*** THE DATA Section Begins ***

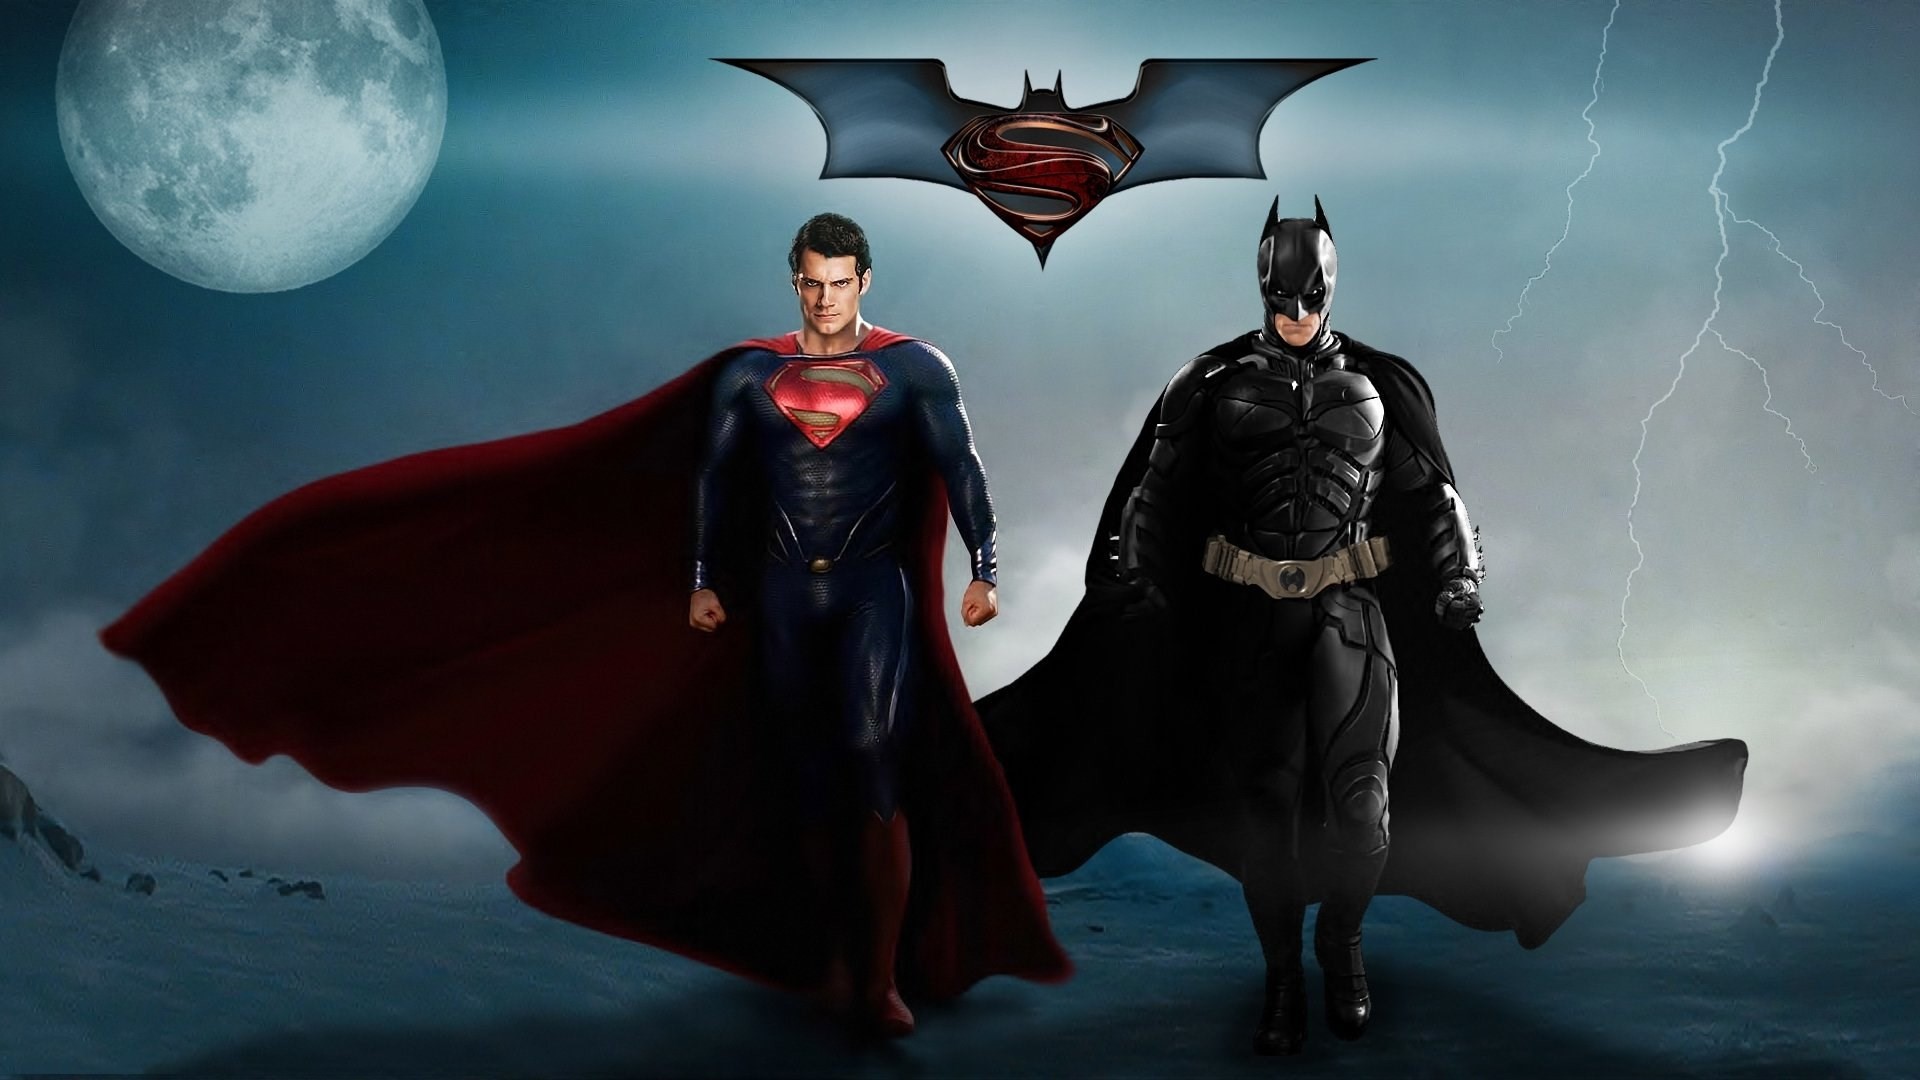 1920x1080 batman vs superman wallpaper to download - batman vs superman category
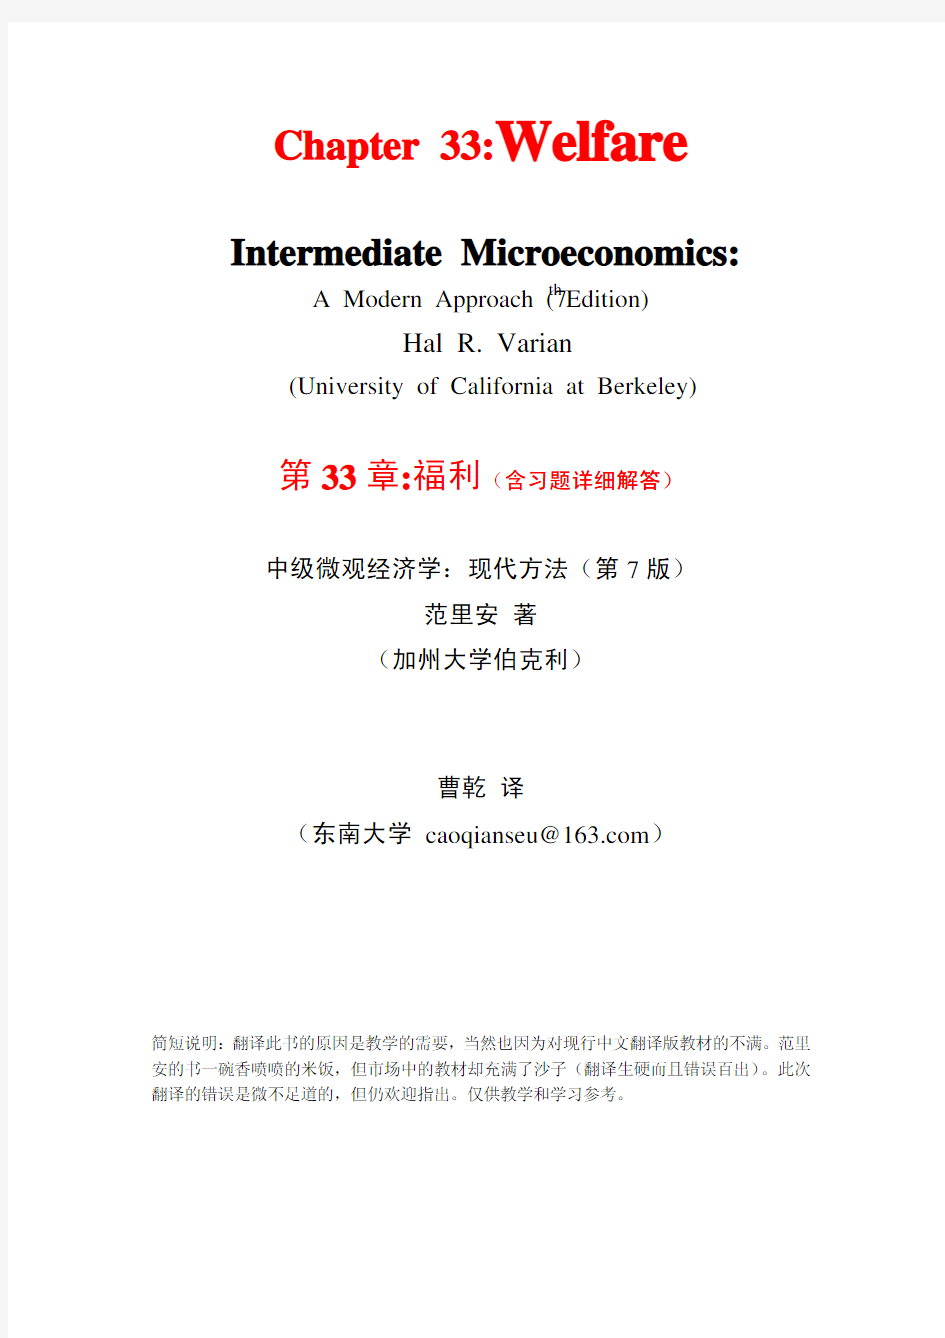 范里安-微观经济学现代观点(第7版)-33福利(含习题解答)
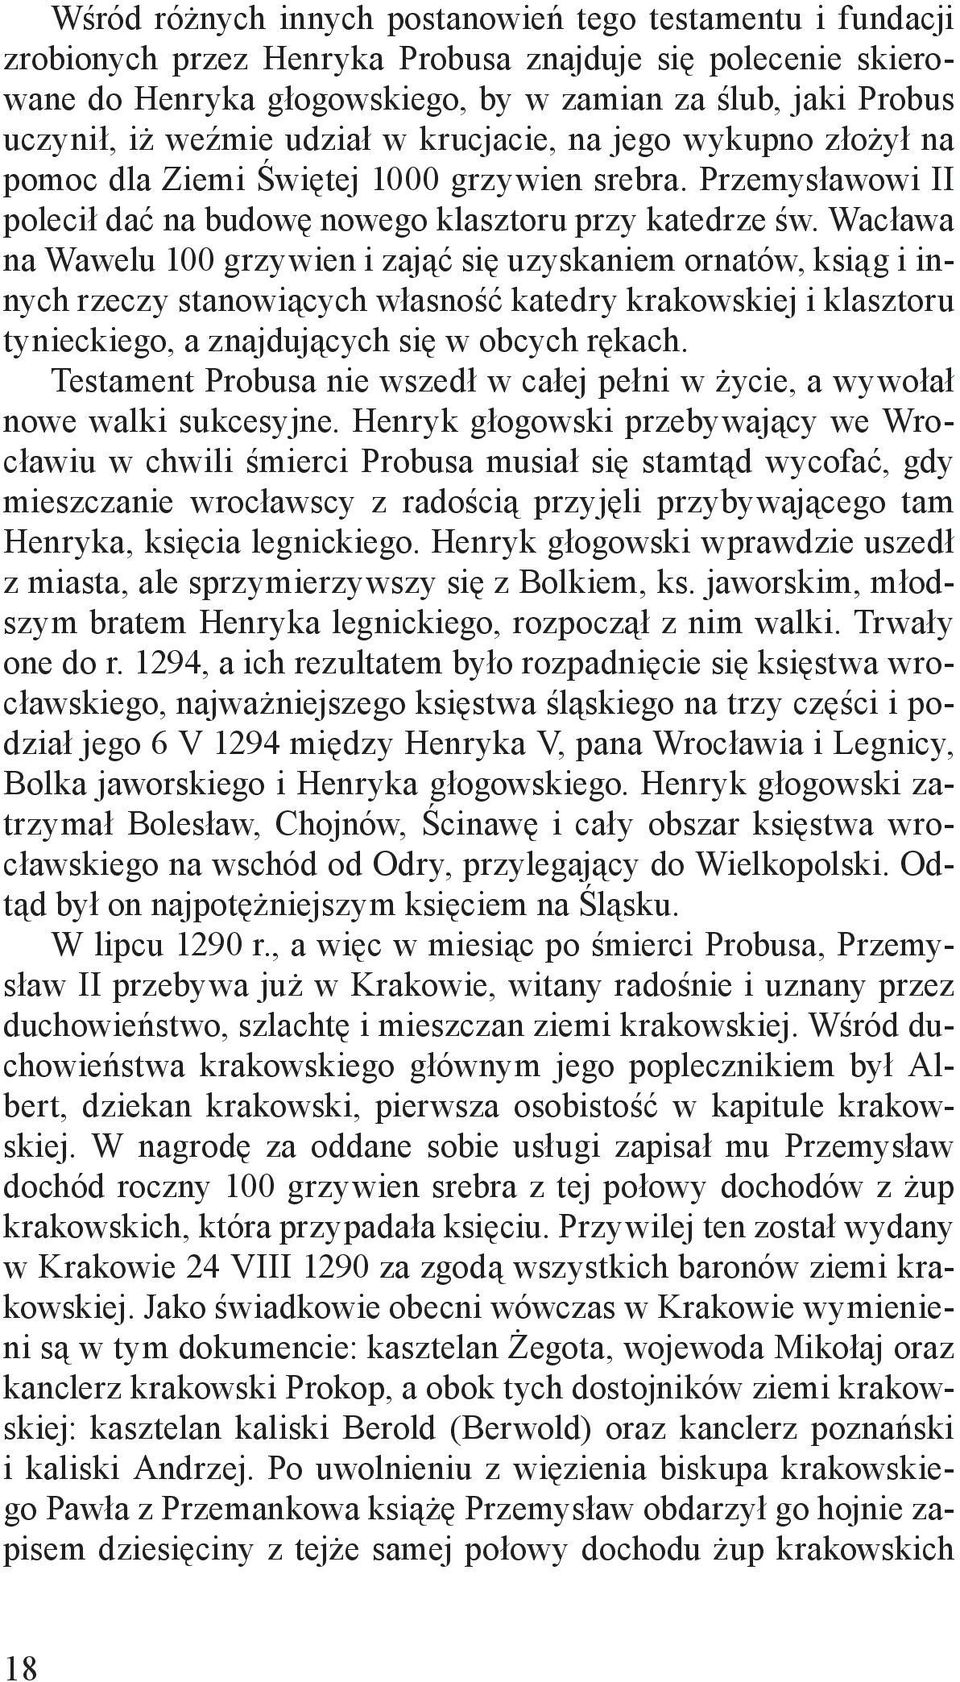 Wacława na Wawelu 100 grzywien i zająć się uzyskaniem ornatów, ksiąg i innych rzeczy stanowiących własność katedry krakowskiej i klasztoru tynieckiego, a znajdujących się w obcych rękach.
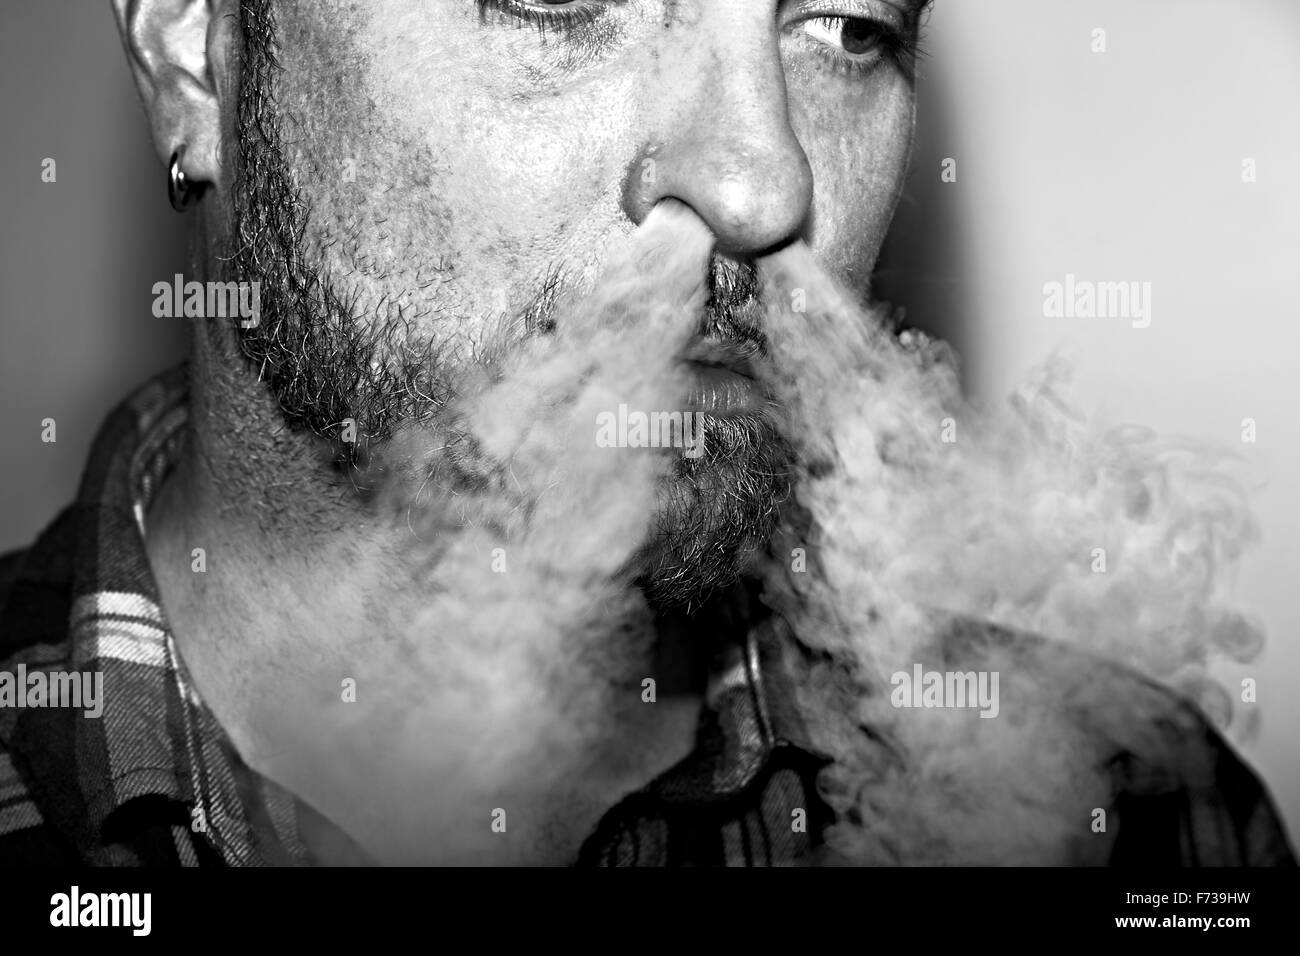 Man blowing vapeur provenant d'un e-cigarette dans ses narines. Banque D'Images

*** THE DATA Section Ends ***

Please print the data above once more, exactly and without images.

 1920x1080 batman vs superman wallpaper to download - batman vs superman category
 范里安-微观经济学现代观点(第7版)-33福利(含习题解答)
 Wacława na Wawelu 100 grzywien i zająć się uzyskaniem ornatów, ksiąg i innych rzeczy stanowiących własność katedry krakowskiej i klasztoru tynieckiego, a znajdujących się w obcych rękach.
 Man blowing vapeur provenant d'un e-cigarette dans ses narines. Banque D'Images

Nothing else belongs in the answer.